In our final model, five predictors were identified to be associated with antibiotic de-escalation within 72 h of therapy. They are cesarean section delivery, exposure to antenatal steroids, nil history of maternal pyrexia, absence of meconium-stained amniotic fluid, and normal baseline CRP. A cesarean section delivery was classified as a clean-contaminated operation, with a risk of infection and endometritis to the operative mother, but no additional risk of EOS to the neonate, since there was no contact with the birth canal during the delivery process [39, 40]. Exposure to antenatal steroids was also a predictive indicator for de-escalation practice. To accelerate fetal lung maturation and improve neonatal respiratory function upon delivery, antenatal steroids are given to mothers at risk of premature delivery or elective cesarean before 38 weeks gestation [41]. A study by Gyamfi-Bannerman et al. (2016) at the Maternal–Fetal Medicine Units Network of the Eunice Kennedy Shriver National Institute of Child Health and Human Development reported that completing two doses of antenatal steroids was not associated with an increased risk of EOS [42].

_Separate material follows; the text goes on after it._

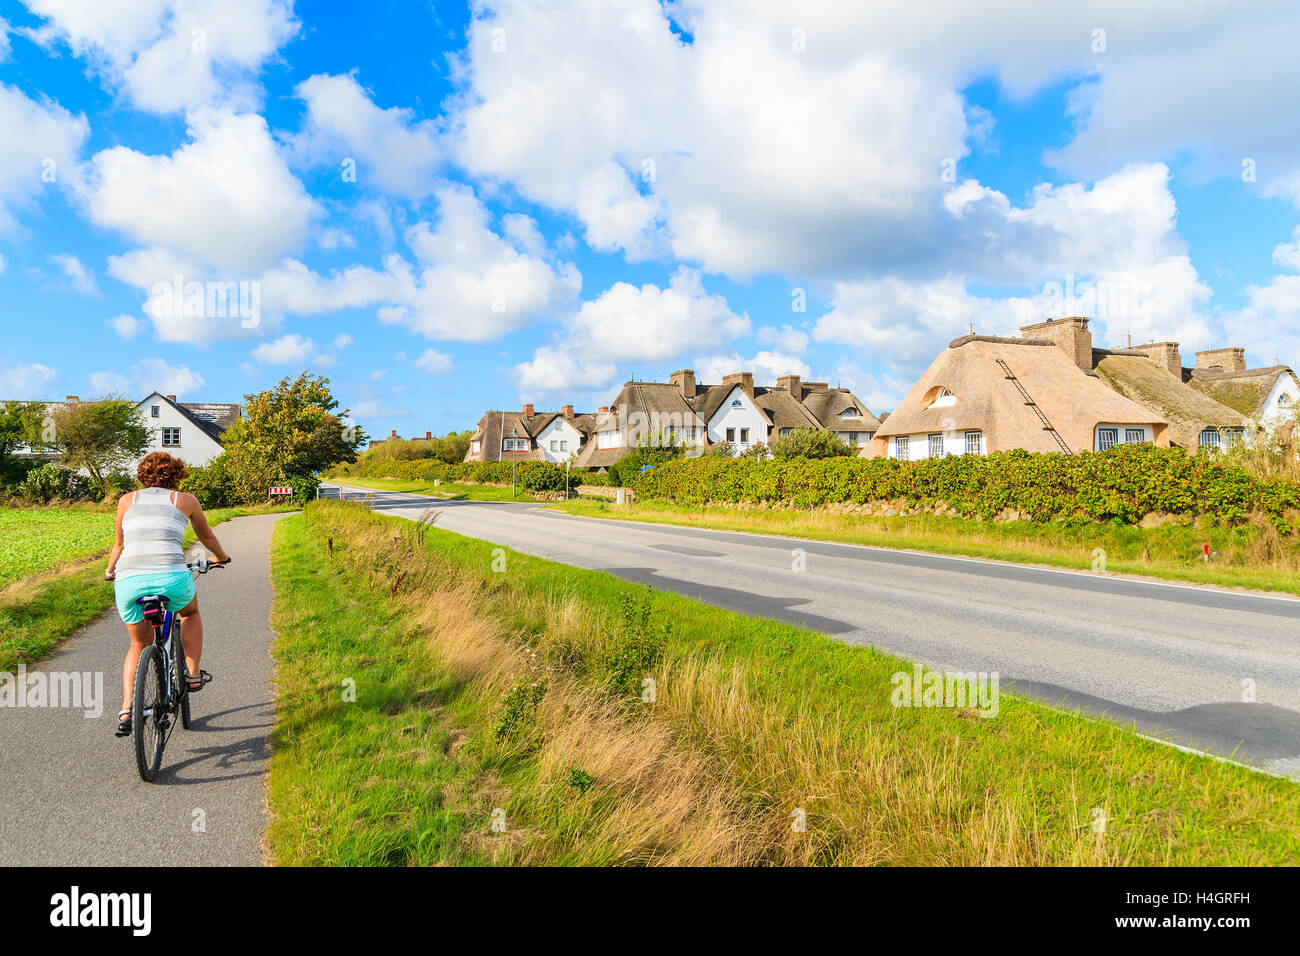 Young woman tourist rinding a bike along a road in Keitum village with typical straw roof houses on Sylt island, Germany Stock Photo

In this study, there were two maternal risk factors associated with antibiotic de-escalation practice. They are nil history of maternal pyrexia and absence of meconium-stained amniotic fluid. Maternal pyrexia is a risk factor listed in most guidelines and is a criterion to start empiric antibiotic therapy [16, 43]. Nonetheless, previous studies reported that only about 6.4% of evaluated neonates were infected when the maternal recorded temperature was 38.9 °C, with reduced risk as temperature drops [16, 43, 44]. Meconium-stained amniotic fluid was not considered as a criterion to start empiric antibiotics, as meconium aspiration syndrome presented in only 5% of meconium-stained amniotic fluid cases [45, 46]. Therefore, if neonates are clinically well without risks of maternal pyrexia and meconium-stained amniotic fluid, empiric antibiotics de-escalation can safely be implemented.

A normal baseline level of CRP was identified as a predictor for antibiotics de-escalation in our study. It is a widely used biomarker with a high specificity. However, it has a low sensitivity for indicating neonatal sepsis, as its levels rise in non-infectious events as well [47, 48]. CRP concentration may appear normal in the early stage of infection, and it has limited predictive value in the single figures, due to physiological variations in the first few days of life [7]. Serial CRP in the first 24–48 h of symptoms increases test sensitivity and can be helpful in determining the duration of empiric antibiotic use [7, 16, 49, 50]. However, in this study, serial CRP to guide treatment decisions was not a routine practice.

This study had some limitations because de-escalation or non-de-escalation practices were based on clinician preference and involved only two public hospitals. Therefore, results cannot be generalized. Besides, this study did not use the Kaiser risk assessment calculator to determine whether an antibiotic should be started for EOS [51]. Instead, the criteria used was based on our local reference Pediatric Protocols (4th edition) as this was the reference commonly used by the physicians at our study sites. Hence, there could be a possibility that an antibiotic was started even though the EOS risk was low according to the Kaiser risk assessment. It is not surprising that most of the identified factors in this study are factors currently included in the Kaiser risk assessment. Despite the limitations, to our knowledge, this is the first local study investigating factors associated with empiric antibiotic de-escalation among neonates with suspected EOS.

In conclusion, this study demonstrated that among late preterm and term neonates suspected with EOS, strategic empiric antibiotic de-escalation was possible in most cases, without any negative impact on clinical outcomes.

Empiric antibiotic de-escalation should be encouraged, especially in cases with low suspicion of early onset sepsis (EOS).

Empiric antibiotic de-escalation can be routinely implemented for EOS because of its comparable treatment outcomes to those in neonates without antibiotic de-escalation.

To prevent unnecessary and prolonged antibiotic use, factors associated with antibiotic de-escalation may be used to determine whether antibiotic use should be de-escalated.